### TASK DESCRIPTION
Give back the full listing, character for character, with no pictures.

### EXERCISE DATA
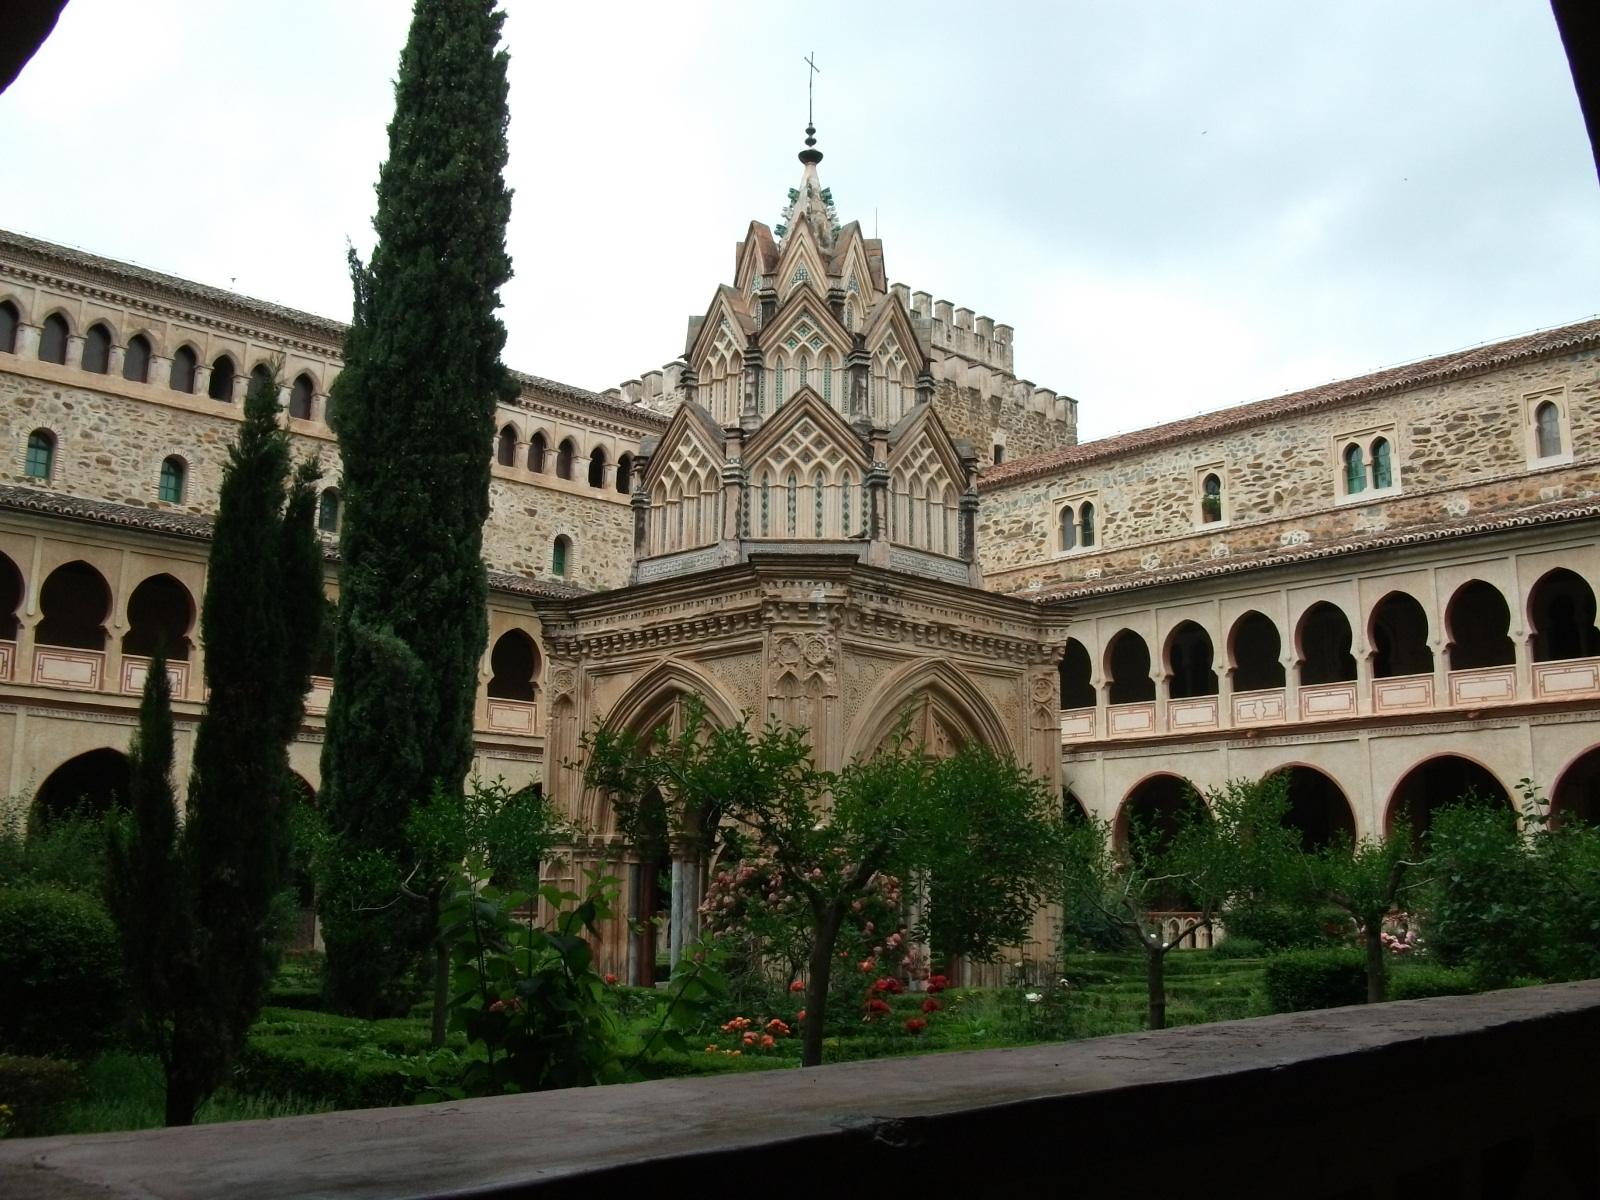 Monasterio de Guadalupe. Cáceres
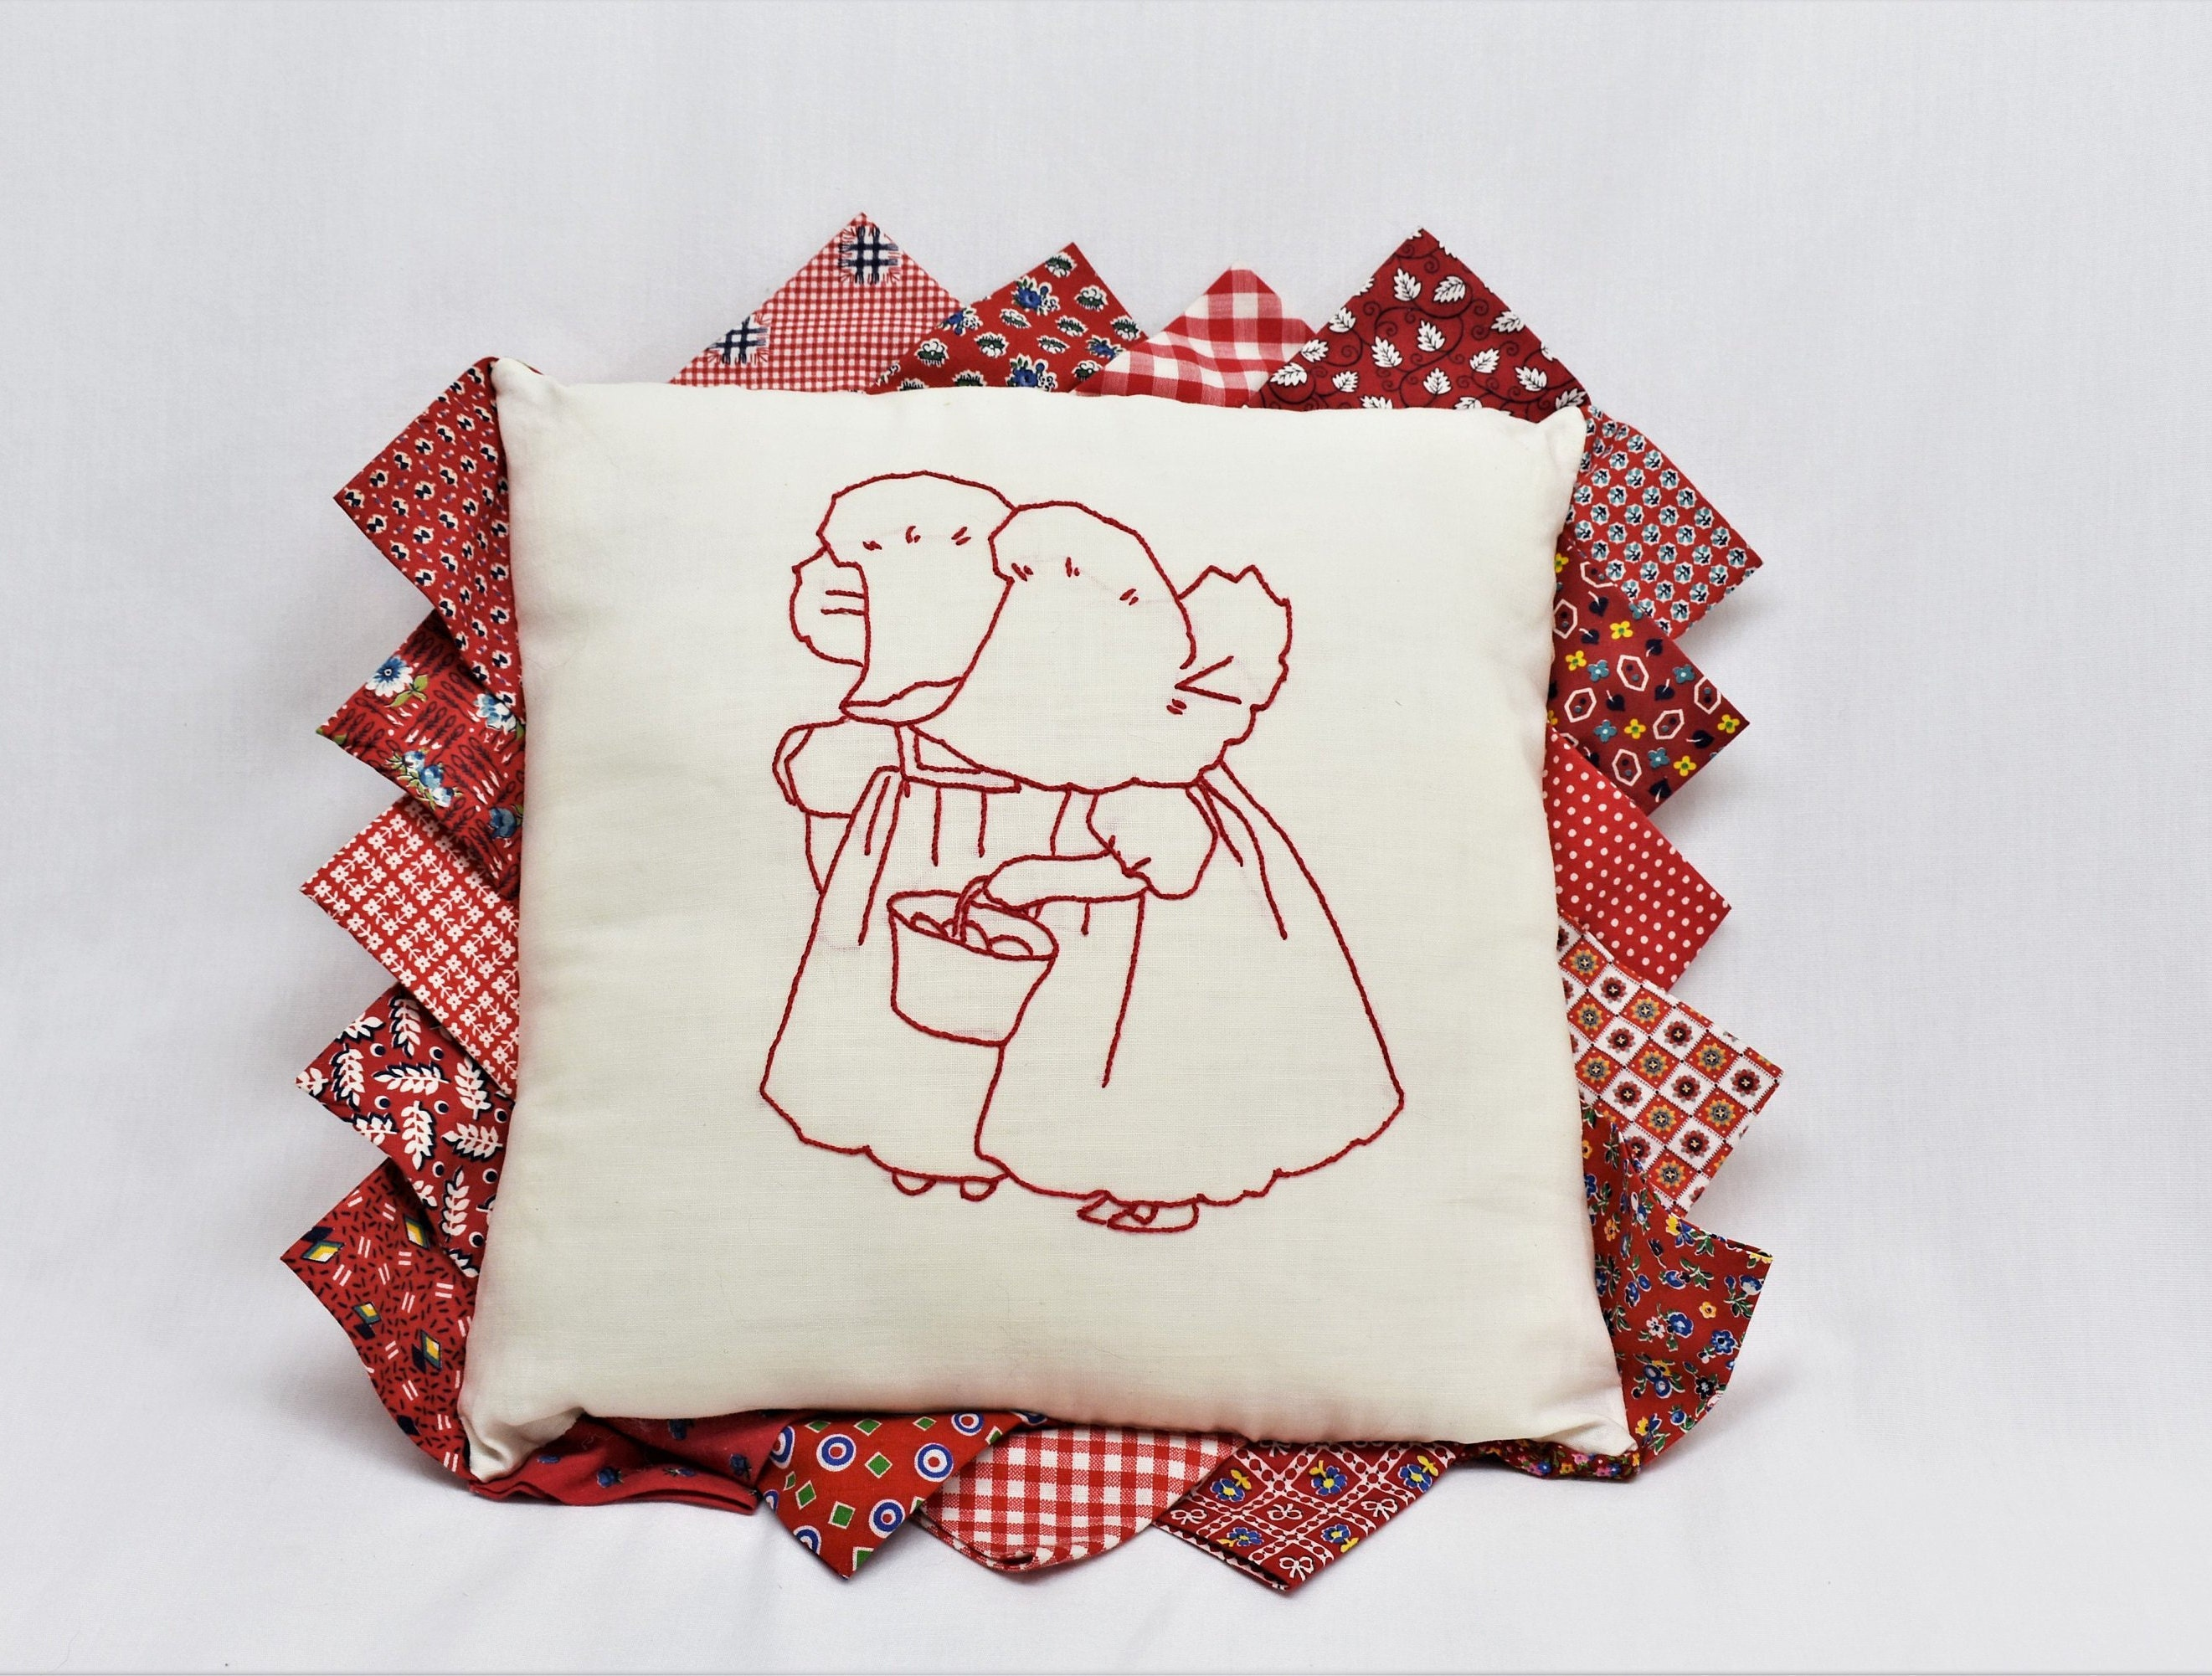 3d32f0640 Sunbonnet Sue Pillow, Sunbonnet Babies Handmade Throw Pillow, Baby's Room  Girl's Room Vintage Style Decorative Pillow, Red Patchwork Pillow
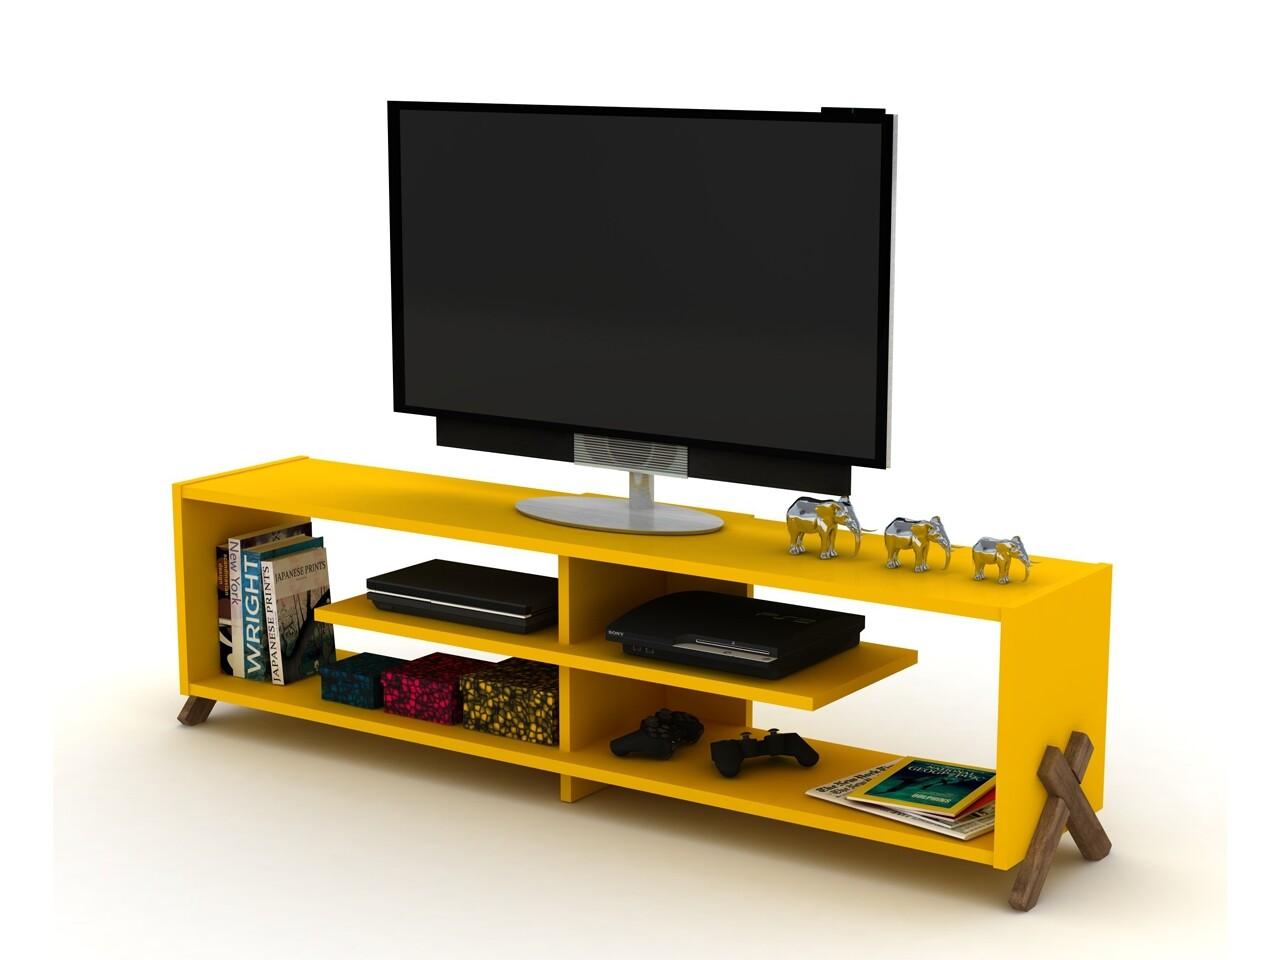 Comoda TV Rafevi Kipp, 145 x 31 x 39 cm, PAL/lemn, walnut/galben

### TASK RESULT
 Monasterio de Guadalupe. Cáceres
 3d32f0640 Sunbonnet Sue Pillow, Sunbonnet Babies Handmade Throw Pillow, Baby's Room  Girl's Room Vintage Style Decorative Pillow, Red Patchwork Pillow
 Comoda TV Rafevi Kipp, 145 x 31 x 39 cm, PAL/lemn, walnut/galben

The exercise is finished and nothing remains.